Despite the fact that 2004 was a superior year for Doctor Who fiction written by old timers, The Suns of Caresh is an attention grabbing debut from newcomer Paul Saint and with Dale Smith's Heritage the last of their kind until late 2005 (nearly two years apart!). With names such as Nick Wallace and Simon Guerrier turning up in the schedules this year it is pleasing to see that further new blood will be injected into the Doctor Who universe.
One of my favourite PDAs.
A haiku by Finn Clark Updated 5/5/20
Sincere, hard SF.
Good ideas. But fades in the
Last eighty pages.
Two out of Five by Jamas Enright 16/12/02
Oh dear, oh deary me. This is very much a car crash of a novel, in that there are many many story ideas crammed into this book, all shoved in and used no matter if they go together or not. Have idea, will write. What we end up with is a mish-mash of concepts and vignettes that doesn't bear inspecting too closely as the scars of their joining are very near the surface.
Does this lead to a bad book? Well, yes actually. How did this one get past the editors? There's an alien planet. There's Jo in the future of Earth. There's alien beings on Earth. There's sailing. There's someone aging in reverse. There's a swarm of large insect-like things. There's people being turned into stone. There's other Time Lords. There's an escape from a train. There's also no need to put them all into one book, but that's what we get. Perhaps Paul Saint just threw ideas together until he got his word count, because there isn't much other reason I can see for many of these concepts being in there.
Which is a shame, because some of the ideas are good, and deserved an airing in their own right. There's a sense of unrefinement to it all, which might have been fixed had Paul Saint only sat down, worked out which bits were actually necessary to the story, then completely rewrote it.
This also comes across in the characters. Paul Saint spends a lot of time developing a lot of them, only to have them disappear from the story at odd moments. Zeke Child could have lead to the interesting developments in story ideas, except... Simon Haldane would have made a great connection for the readers, being someone that many could identify with, however... Lord Roche himself should have been involved at every point, and yet... Solenti would have made an interesting contrast to the Doctor, but... Rak Toos, despite coming in late, would have made a great character, only...
You get the idea.

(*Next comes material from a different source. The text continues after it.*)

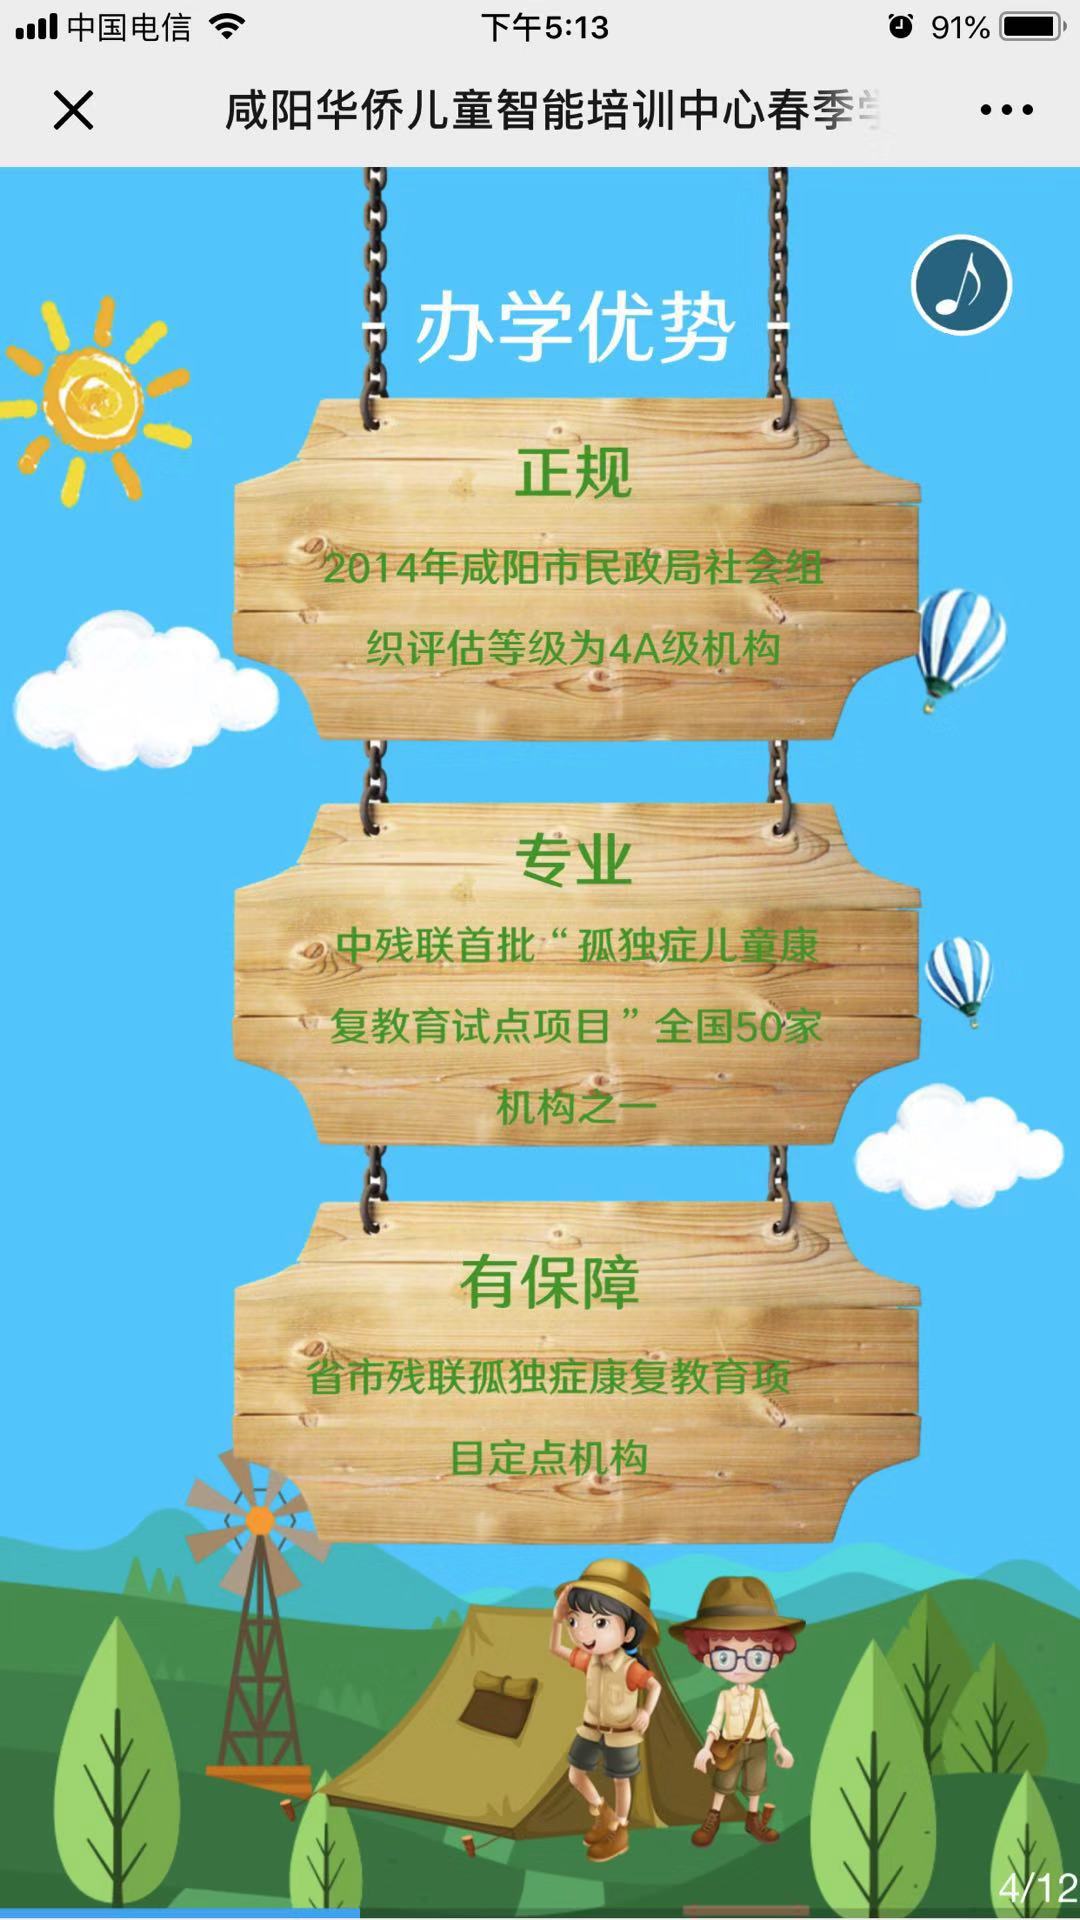 咸阳华侨儿童智能培训中心2019春季招生开始了

In fact, there's only one character to make it through the entire novel without suddenly dropping out of the story unexpectedly. Admittedly, Troy Game is written well, but she spends most of the time commenting on how animalistic Earth culture is, and we hardly get a sense of her culture, despite many scenes being written from her point of view. Oh, and that reminds me: Paul Saint has yet to work out how to exposit without it coming across really obviously that he's trying to not be obvious about it.
But what of our main cast? Paul Saint does create the third Doctor well, without resorting to having him rub his neck every other page. The Doctor's charm and irascibility come through in equal measure, and it's easy to see Pertwee performing this role. Jo Grant is also captured well, remaining herself yet without many of her irritating mannerisms. If only the rest of the book lived up to his promise here.

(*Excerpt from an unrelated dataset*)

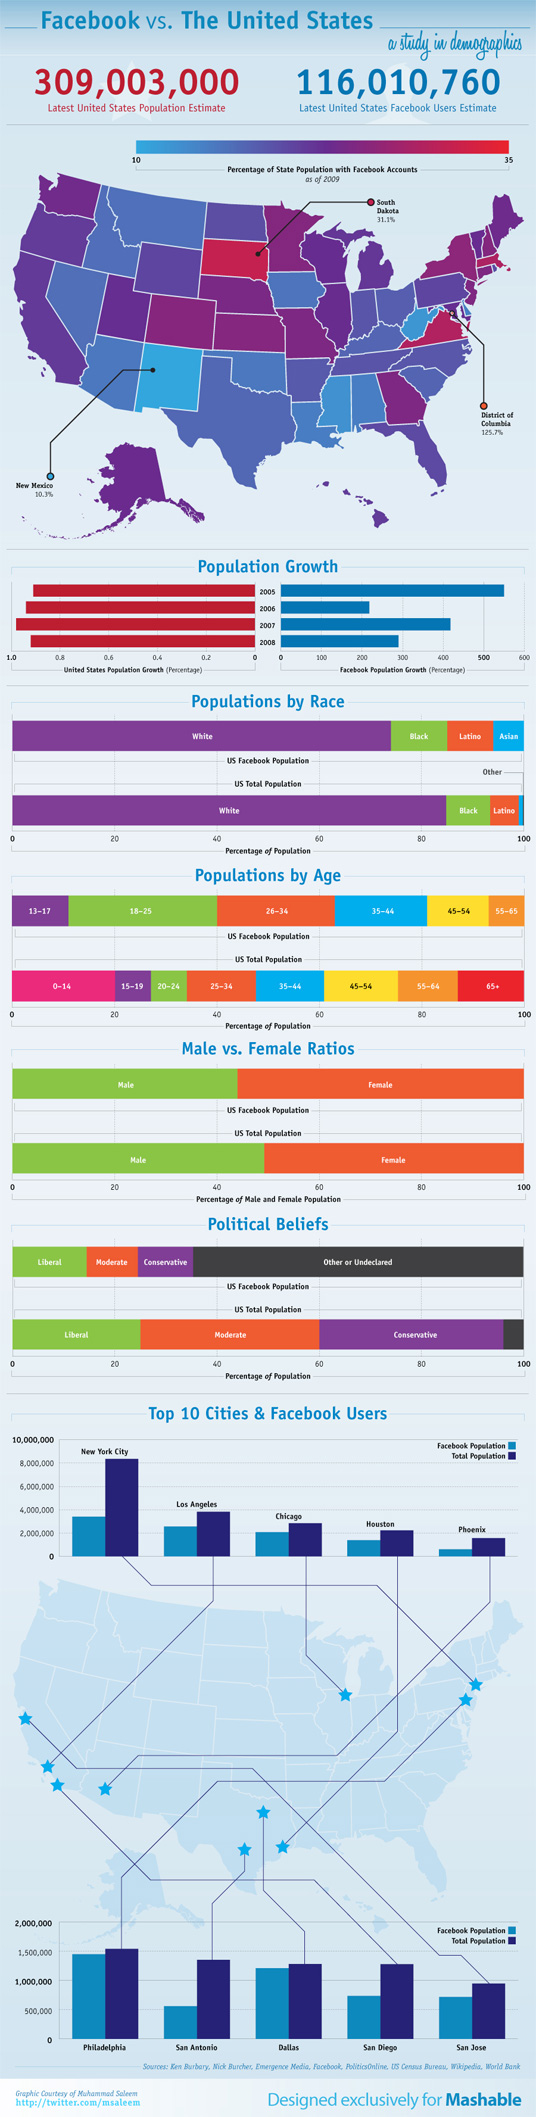 infographic-us-facebook-statistics-demopgrahic-data[1]

The Suns of Caresh, a piecemeal book that the words 'dogs breakfast' would well describe. That this is a first novel, there can be no doubt, but are there any ideas left for Paul Saint to attempt a second one?
A Review by John Seavey 4/12/03
According to rumor, The Suns of Caresh is the product of a disgruntled book reviewer who wished to show the authors of the line "how it should be done". While I have no idea as to whether or not this is true, I think that the book line could do far worse than a few people writing the best book they're capable of in order to improve the general quality of the range -- The Suns of Caresh isn't going to match the greats of the line, but it does go a far way towards keeping up a recent spate of excellent books.
Admittedly, Caresh is a bit thin on plot... actually, "thin" isn't the right word to use, but I'm not sure what is. The book basically breaks down into two sections, the first being on Earth and the second being on Caresh. However, the Earth section takes up the majority of the book, with the Doctor's trip to Caresh being confined to the last third or so. This unbalances the novel a bit, especially since most of the exposition occurs on Caresh; it leaves one with a lingering feeling that very little happens in the first two-thirds of the book.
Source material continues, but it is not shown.